The EFF and MuckRock have undertaken a national census to gather public records on what biometric technologies state and local law enforcement agencies have and how they’re using them.


It would be great if the FBI could stop profiling it’s citizens constantly.


And I’ll bet that if your loved one was murdered by someone who could have been identified by this technology, you’d be the first to sue the legal system for not using it to put the perpetrator away.


When things like jail and prison sentences were first introduced, it was assumed that, once you had served your time, your debt to society was paid entirely; there was no inability to find employment, and there was no Big Brother watching over your shoulder for the rest of your life afterwards. It’s a shame that, in a civilized society, we don’t work to rehabilitate these people. Instead we confine them to minimum wage jobs that they have no hope of escaping (because who wants to hire someone with a record even though they’ve paid their debt to society and possibly regret it?), and we continue to rob them of their civil rights even after their release.
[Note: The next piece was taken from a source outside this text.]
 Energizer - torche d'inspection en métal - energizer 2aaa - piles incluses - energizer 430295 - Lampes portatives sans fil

“It’s a shame that, in a civilized society, we don’t work to rehabilitate these people”
very true.

However this is only a concern for those who allow themselves to fail. I have a friend who served a couple years in prison, and he’s legitimately the most positive and upbeat guy I know. Never having taken a formal survey, I believe the opportunity for turning one’s life around still exists for those willing to seek it.

This article brings to mind the people who view themselves as clever for getting inked with a bar code with a serial number, only to become more familiar down the road with various legal processes.
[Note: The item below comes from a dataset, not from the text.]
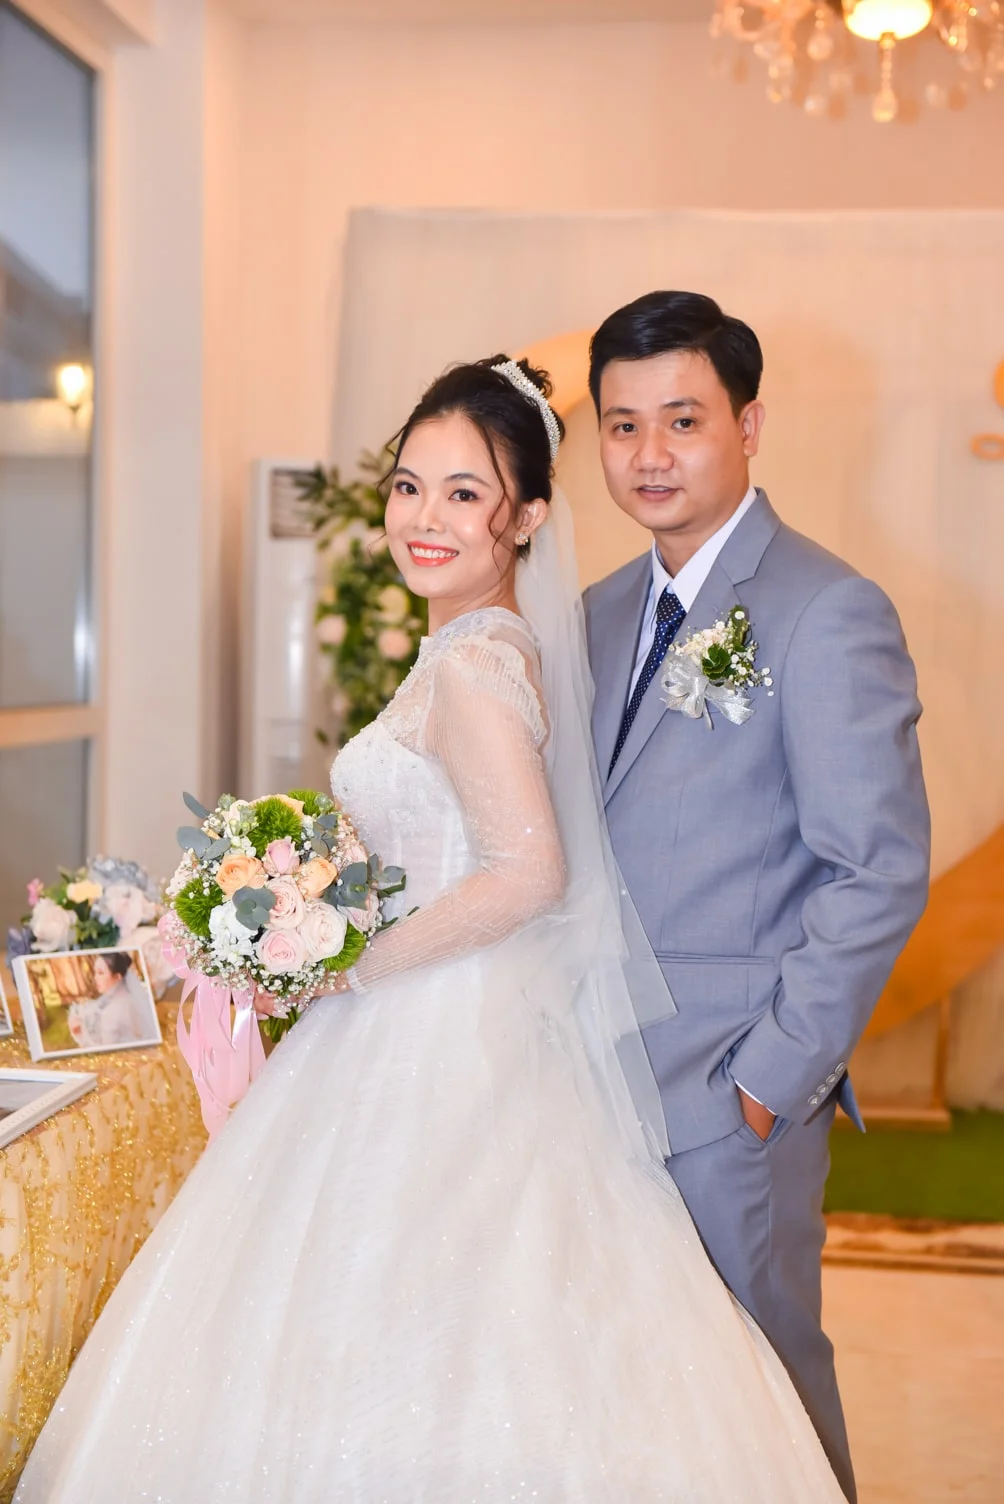 Anh tiec cuoi 3 min - Chụp hình tiệc cưới giá rẻ chất lượng tại Tp.HCM – HThao Studio

Like the criminal confessing “privately” on Facebook,these guys are forfeiting their ability to blend in and are saving us time. If I behave I’ve no deterrent to putting Betty Boop on my forehead. …at least not legally.


There is another way to identify people for their “political ideology” Most of the are registered voters and politicians. The FBI should arrest all the politicians.
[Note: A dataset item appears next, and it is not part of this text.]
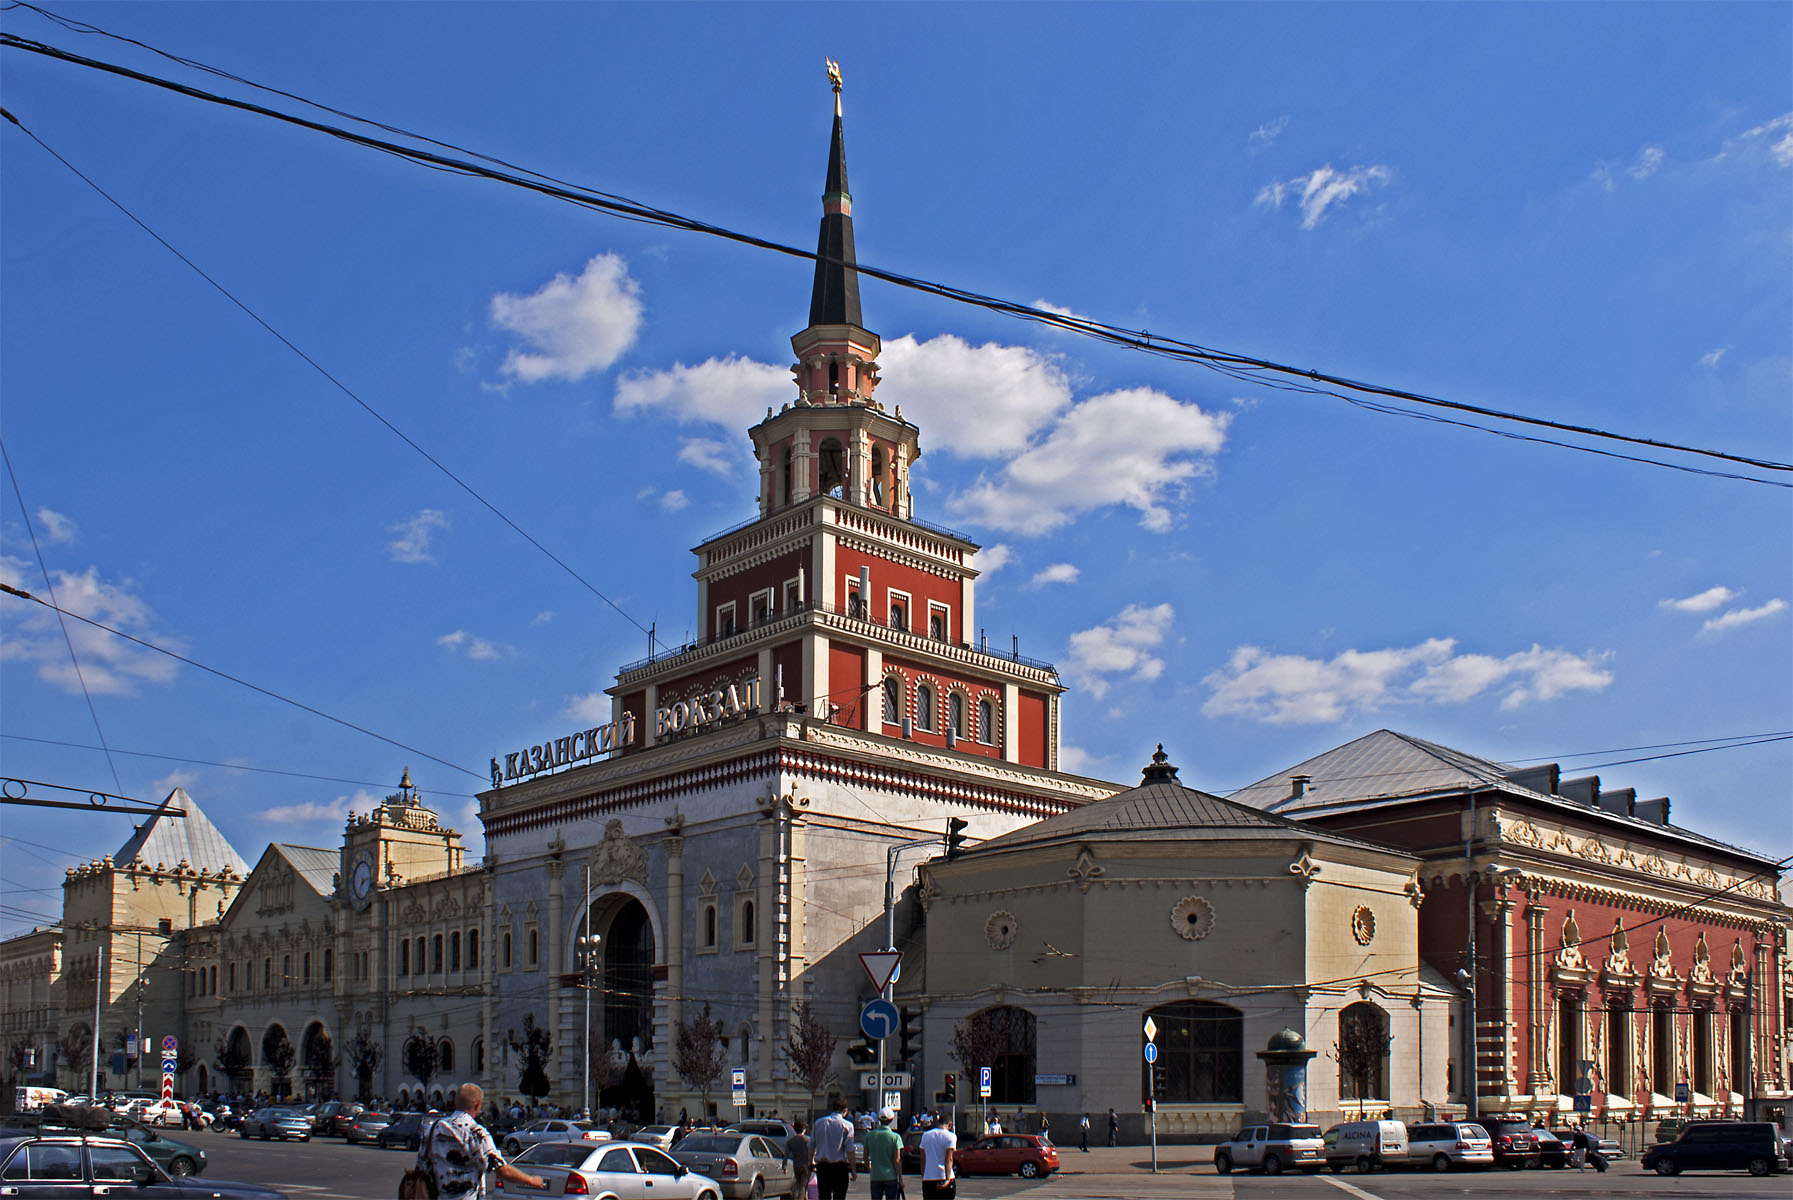 Здание Казанского вокзала

Perception of security, perception of freedom…perception of security, perception of freedom…
Which one should we choose? Hmmm. They’re both illusions, and everyone sees them differently. I suppose the answer depends on which one is the most profitable. :-P


collected by the FBI from prisoners and arrestees without their consent, according to the EFF.

right….everyone knows people get tattoos so no one will look at them.


If I choose to get a tattoo that’s my choice. But I’d be pretty stupid to expect any LE efforts to avoid taking note of the resultant (usually public) identifying mark. Free speech also includes the right to be silent.

AFA using prisoners as a data supply treasure trove… triple my tax dollars to provide you with perpetual food, shelter, and both better workout equipment and television than I can afford, you’ve forfeited your rights to total privacy–you’ve got the time to participate in a study or two.


I think most of you are arguing about jail, when the idea is over biometrics. In the US, judges have forced people to unlock their phones because of the older rulings that the police can have access to things like fingerprints, eye color etc… Know as biometrics, but now we’re able to use them as keys and many judges feel it’s like it’s a fingerprint and they can force capitulation. Only difference with tatts is they’re picked out by the user, personal and many don’t want others to know about them. I have tatts, and all of mine are covered, even when I was a police officer there was no knowledge by the department (and I don’t think they cared). This is also a key part of your life, to some and would be no different than looking through your home or cell phone picking up photos or texts. They need to just stop this indiscriminate collection of people data.